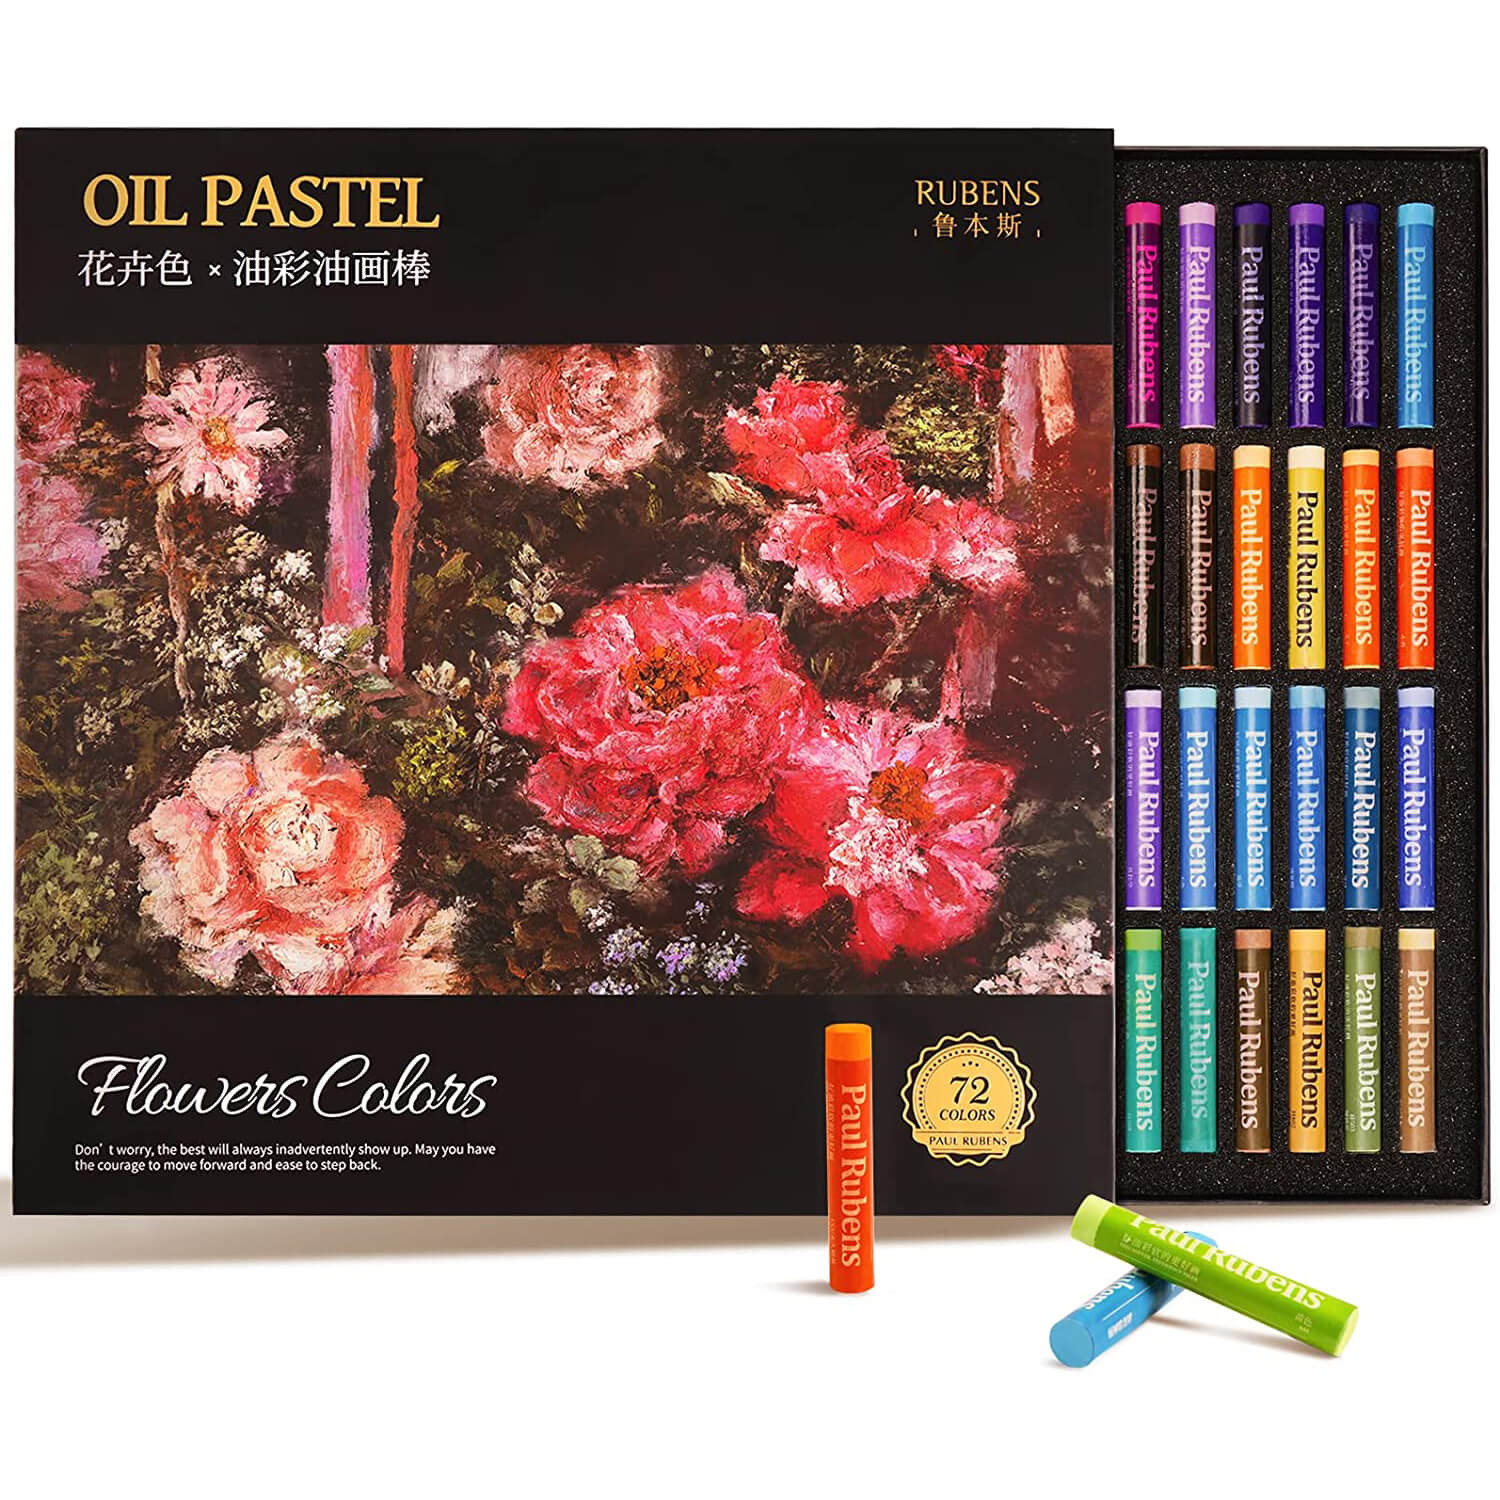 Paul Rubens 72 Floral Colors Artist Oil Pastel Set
··········
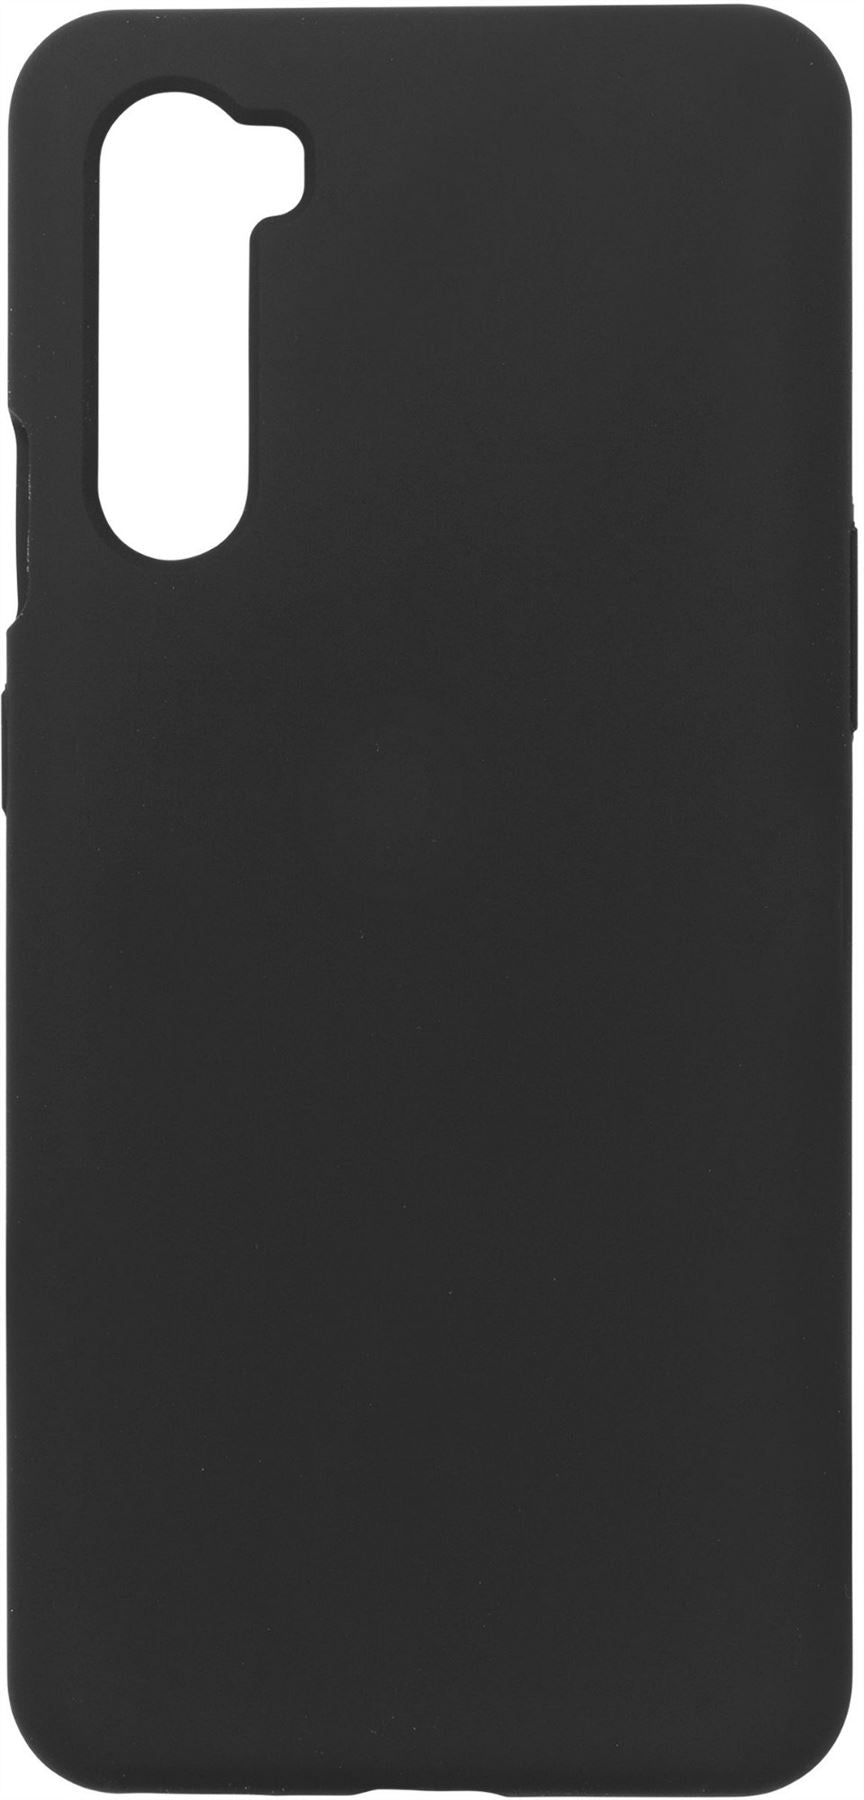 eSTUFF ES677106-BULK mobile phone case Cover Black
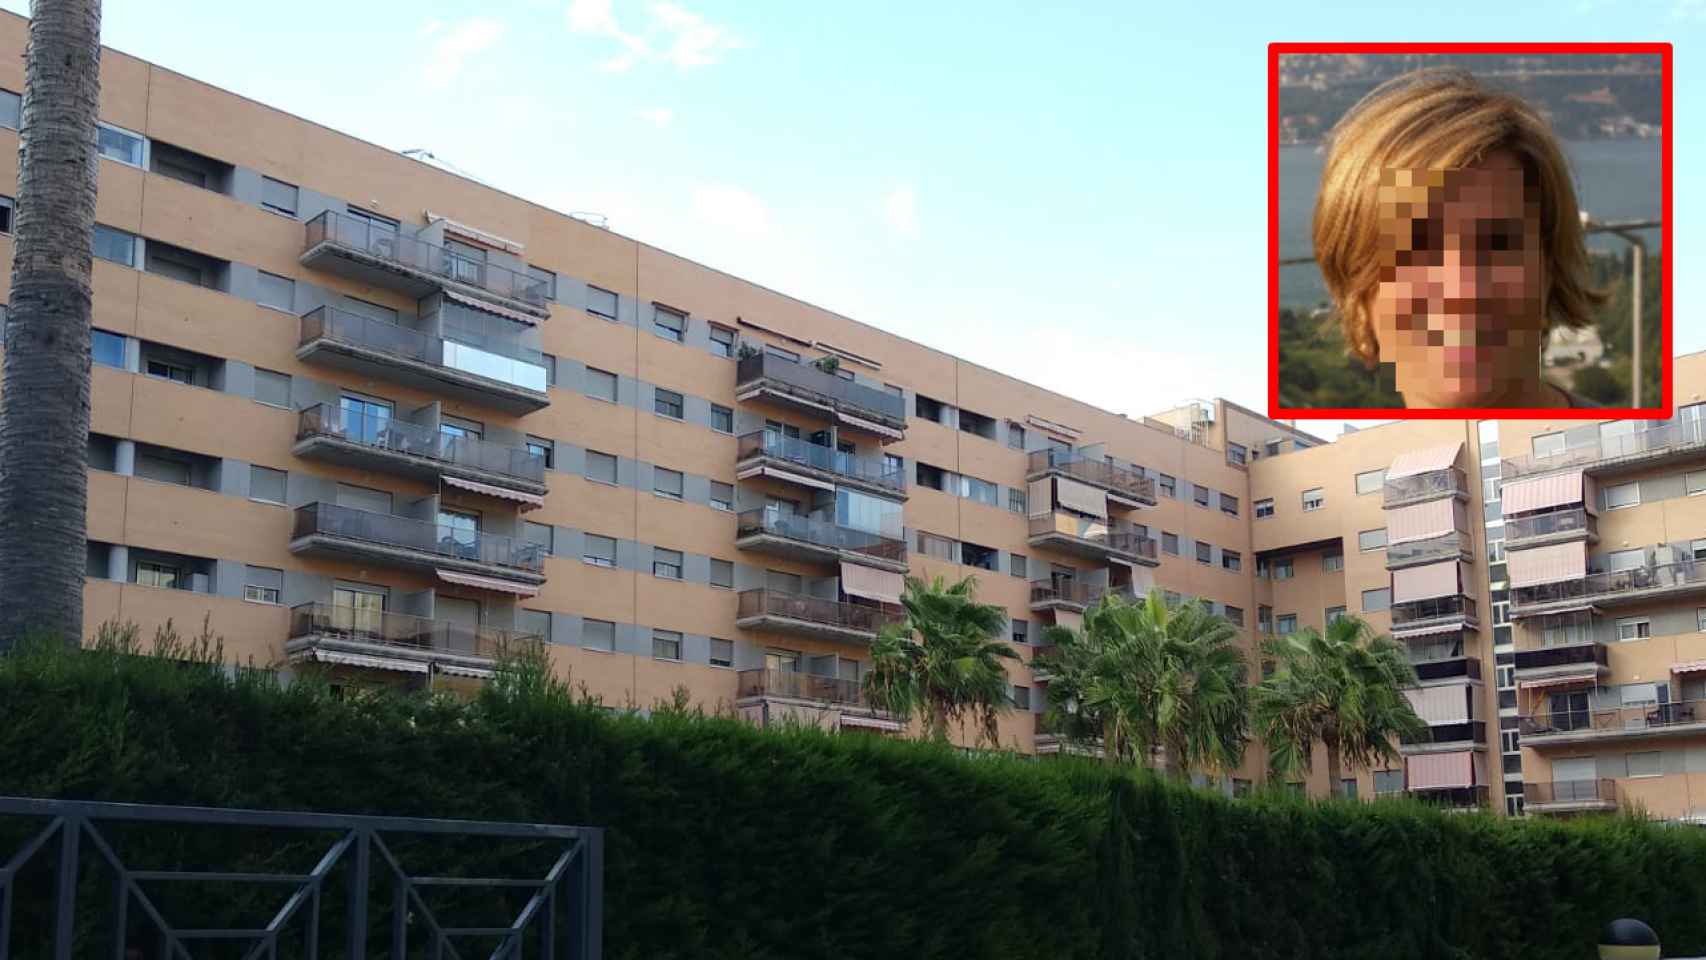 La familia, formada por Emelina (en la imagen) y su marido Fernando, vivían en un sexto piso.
··········
> **INSTRUCTIONS FOR THE TASK**
Go back to the listing above and write out the lines starting at the one with "eSTUFF ES677106-BULK mobile" and ending at the one with "La familia, formada", inclusive, exactly and without pictures.

> **ANSWER TO THIS TASK**
 eSTUFF ES677106-BULK mobile phone case Cover Black
 La familia, formada por Emelina (en la imagen) y su marido Fernando, vivían en un sexto piso.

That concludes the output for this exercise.